• _What you have to do_:
Restate the entries below exactly, and keep all images out of the answer.

[[ Input material, beginning ]]

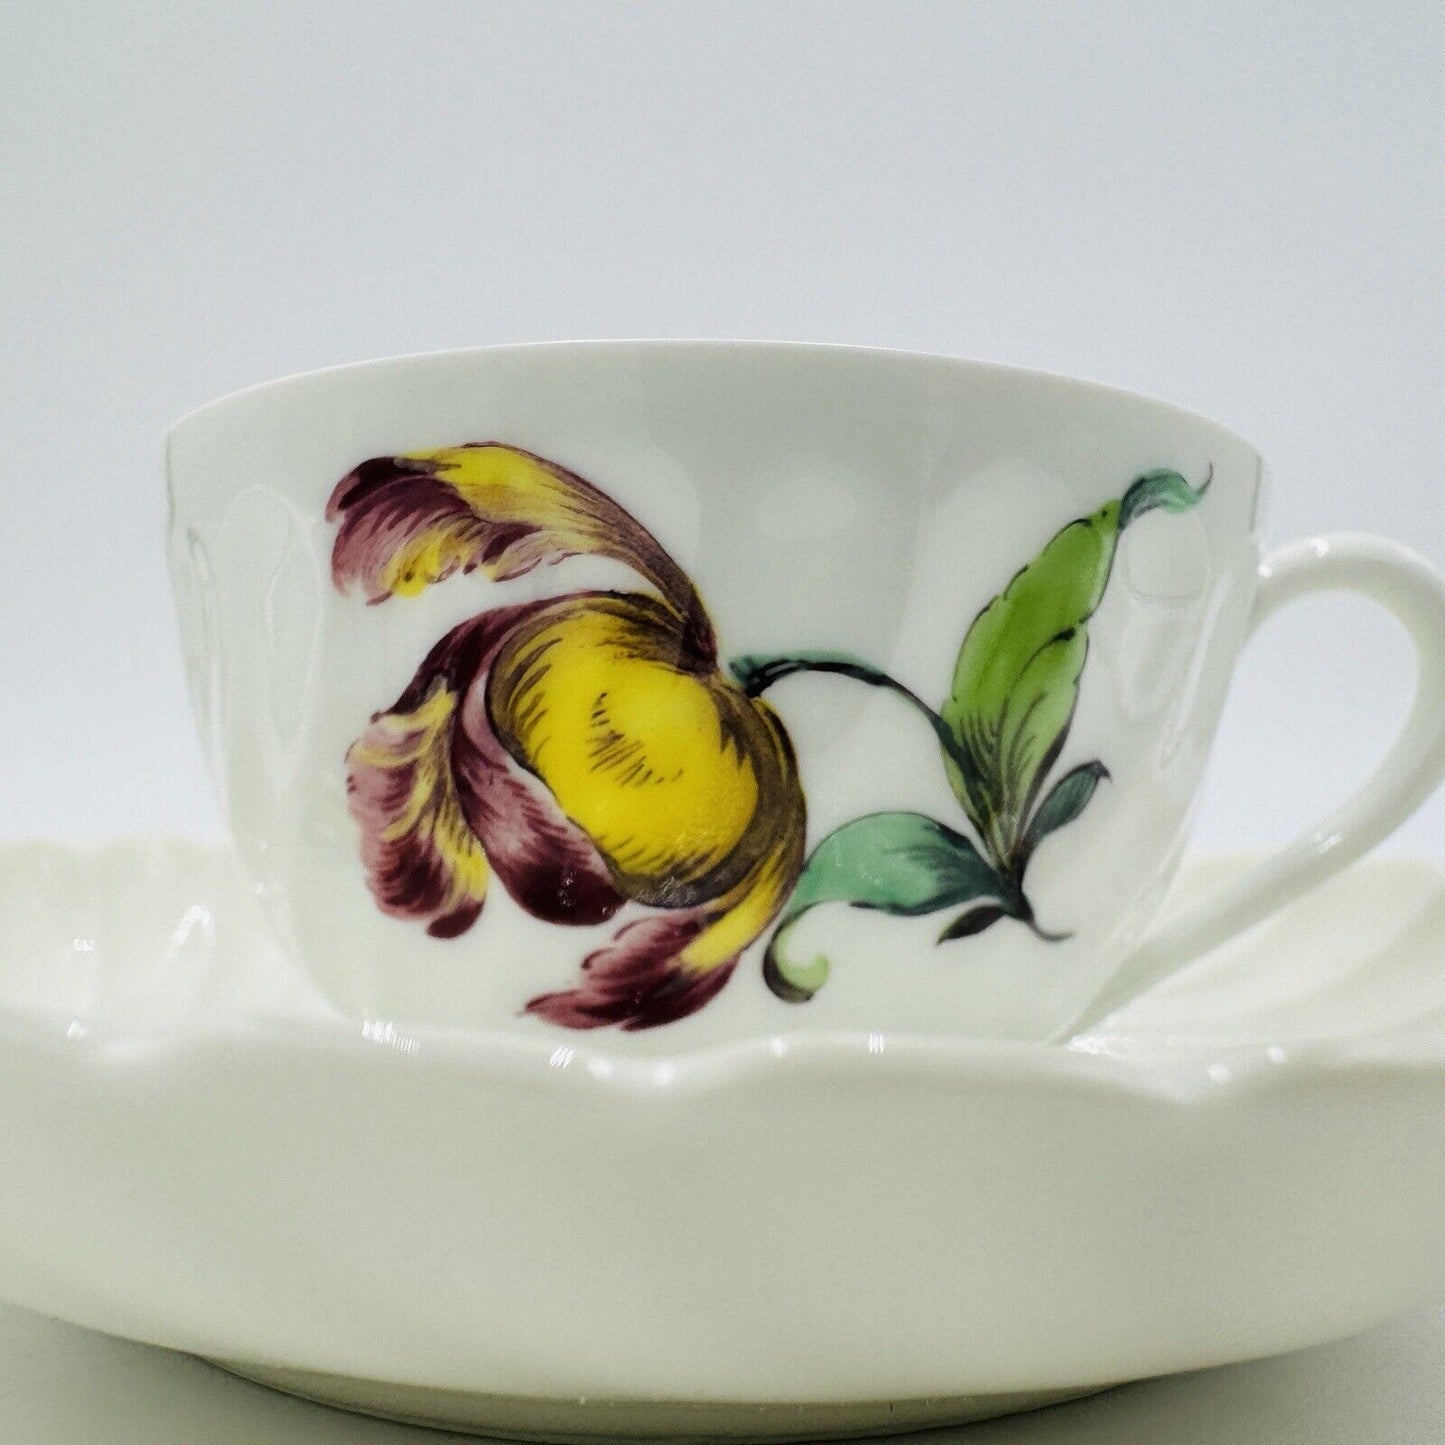 Antique Nymphenburg Porcelain Germany Welle Ribbed Teacup & Saucer 1632 Floral
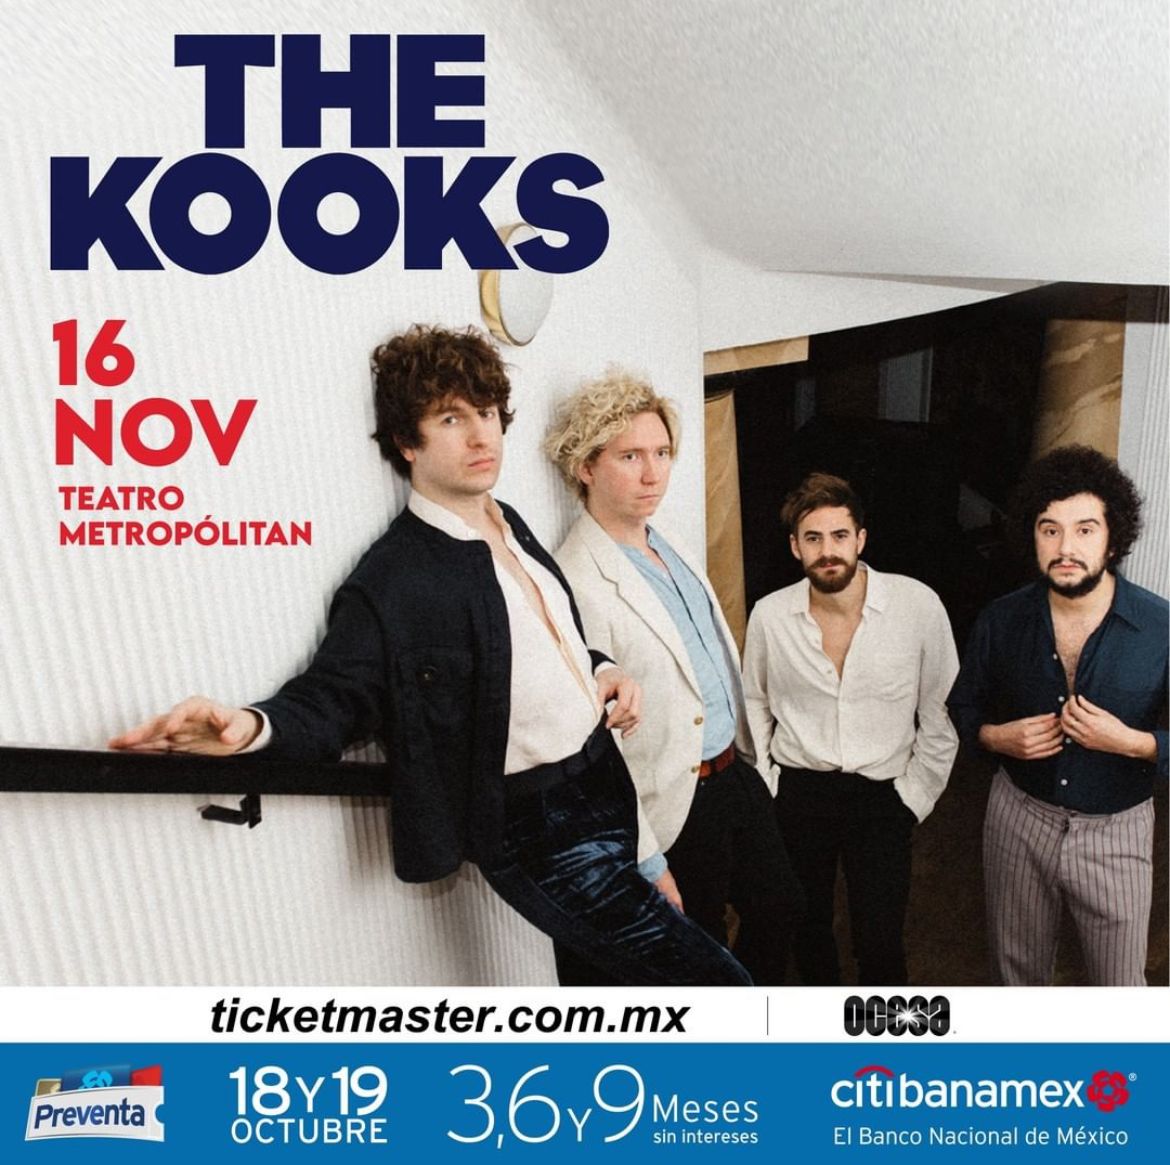 Uno más: The Kooks anuncia concierto en el Teatro Metropólitan de la CDMX
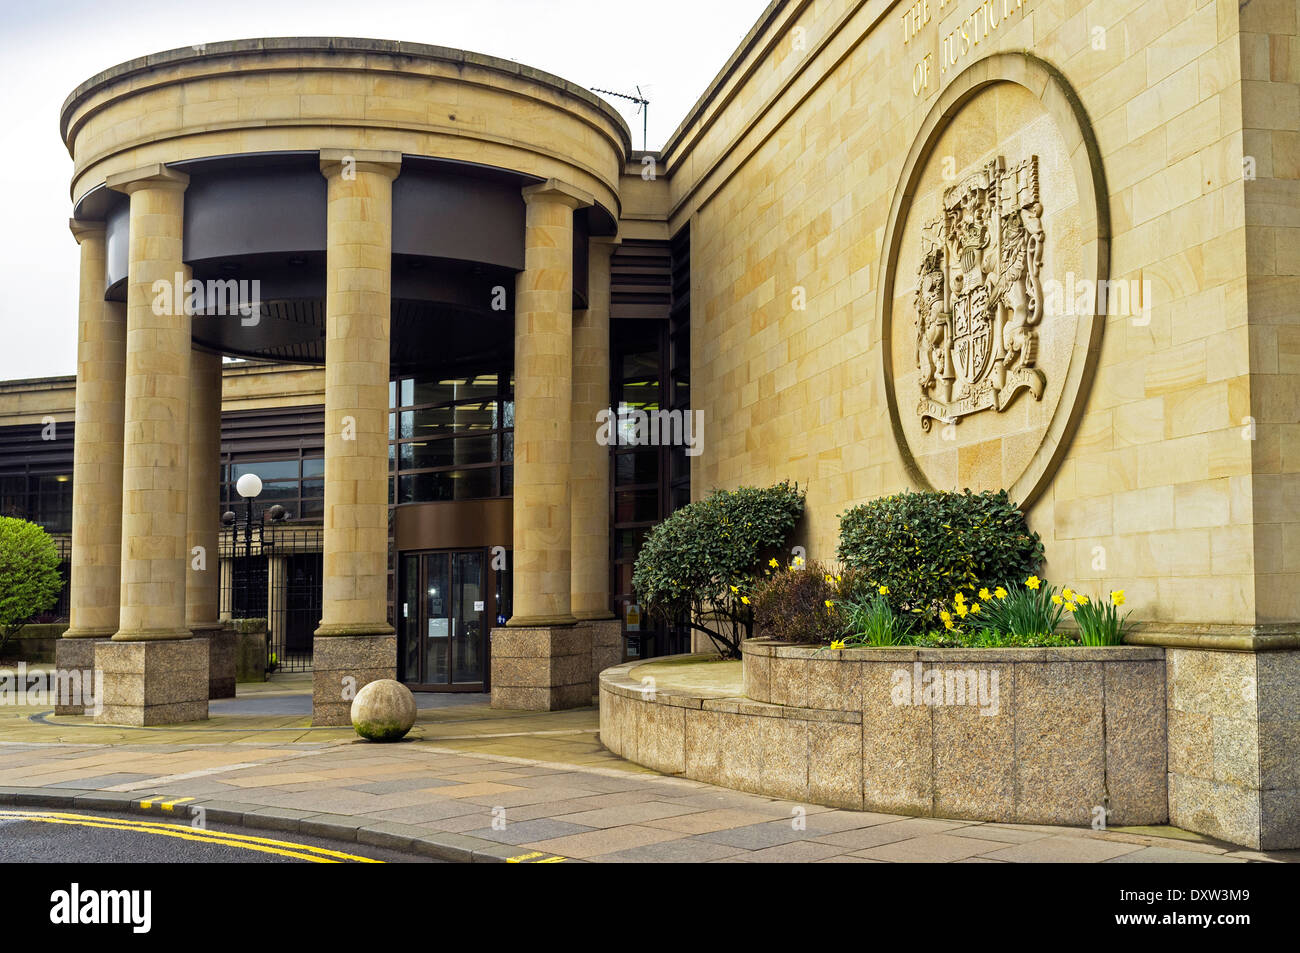 Porte d'accès avant et mur avec motif Justiciary, High Court of Justiciary, Glasgow, Ecosse, Grande-Bretagne, Royaume-Uni Banque D'Images
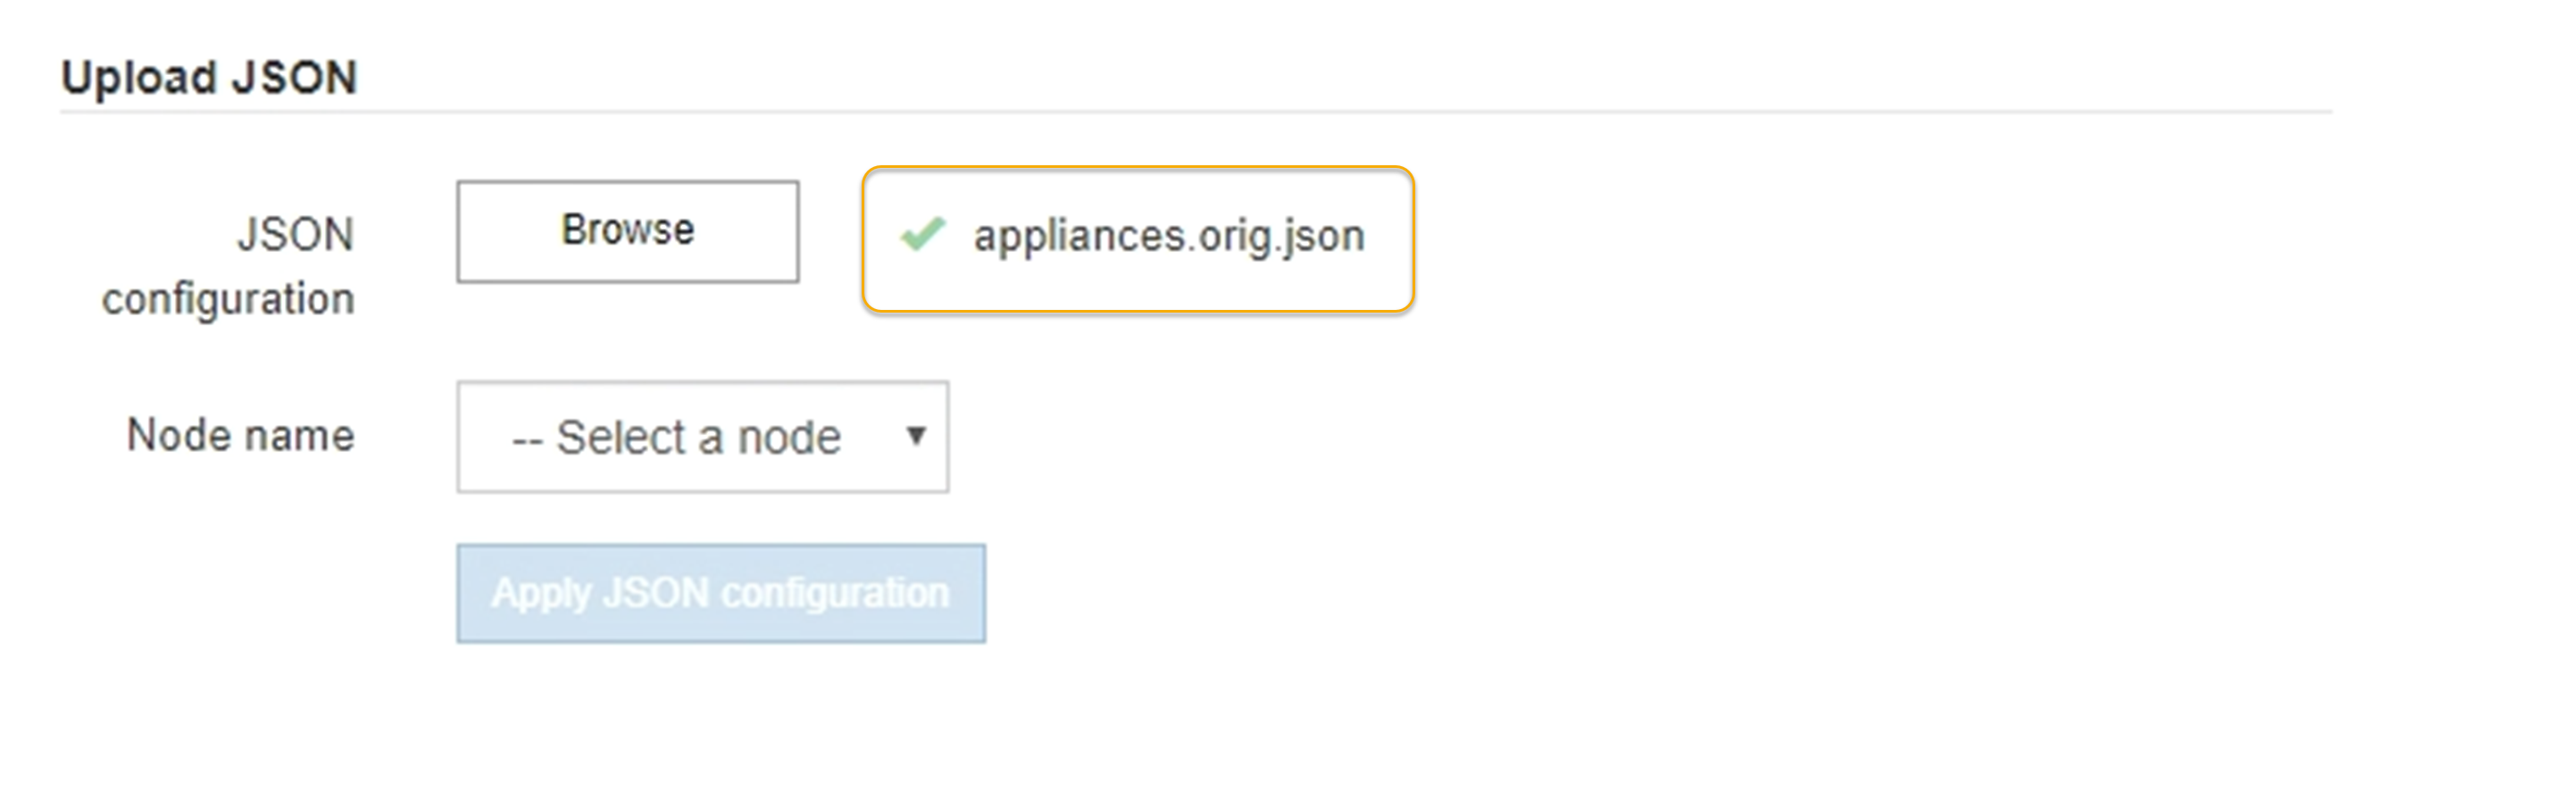 Aggiornamento della configurazione dell'appliance JSON caricato
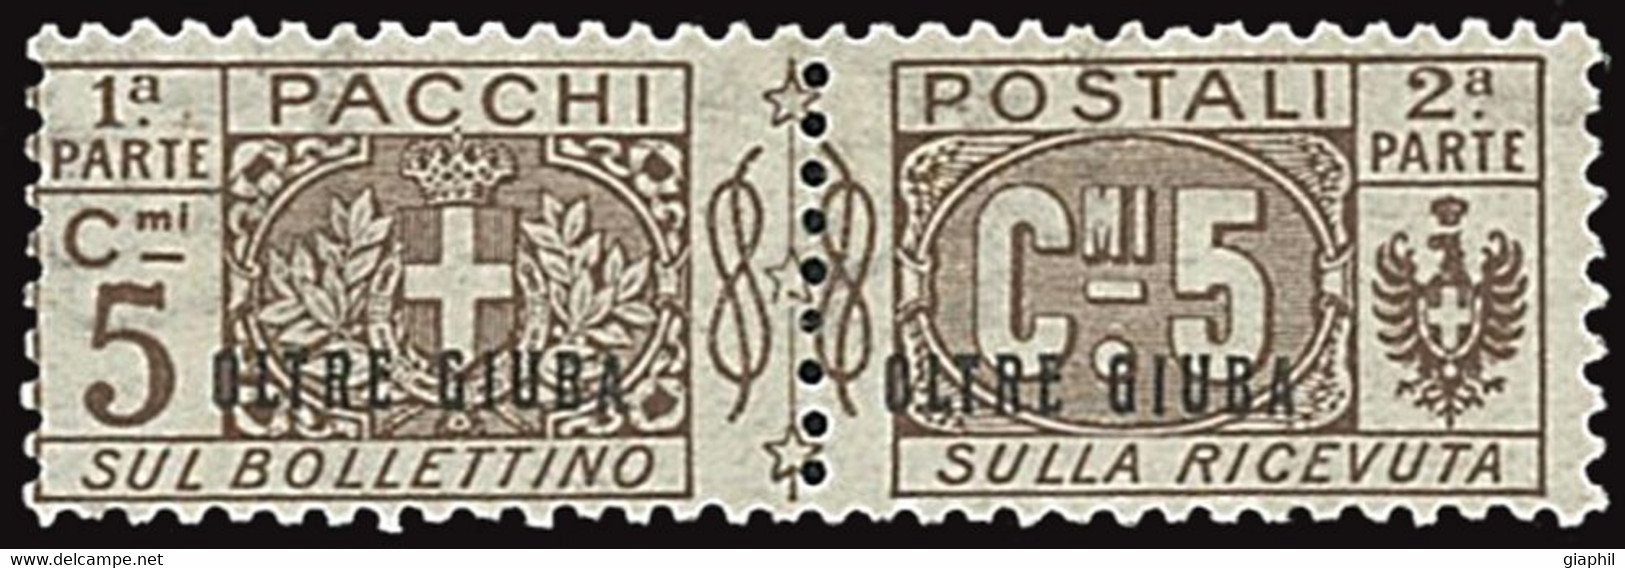 ITALY ITALIA OLTRE GIUBA 1925 PACCHI POSTALI 5 CENT. (Sass. 1) NUOVO MNH ** OFFERTA! - Oltre Giuba

[[ Input material, end ]]

• _Answer section_:
 Antique Nymphenburg Porcelain Germany Welle Ribbed Teacup & Saucer 1632 Floral
 Uno más: The Kooks anuncia concierto en el Teatro Metropólitan de la CDMX
 Porte d'accès avant et mur avec motif Justiciary, High Court of Justiciary, Glasgow, Ecosse, Grande-Bretagne, Royaume-Uni Banque D'Images
 Aggiornamento della configurazione dell'appliance JSON caricato
 ITALY ITALIA OLTRE GIUBA 1925 PACCHI POSTALI 5 CENT. (Sass. 1) NUOVO MNH ** OFFERTA! - Oltre Giuba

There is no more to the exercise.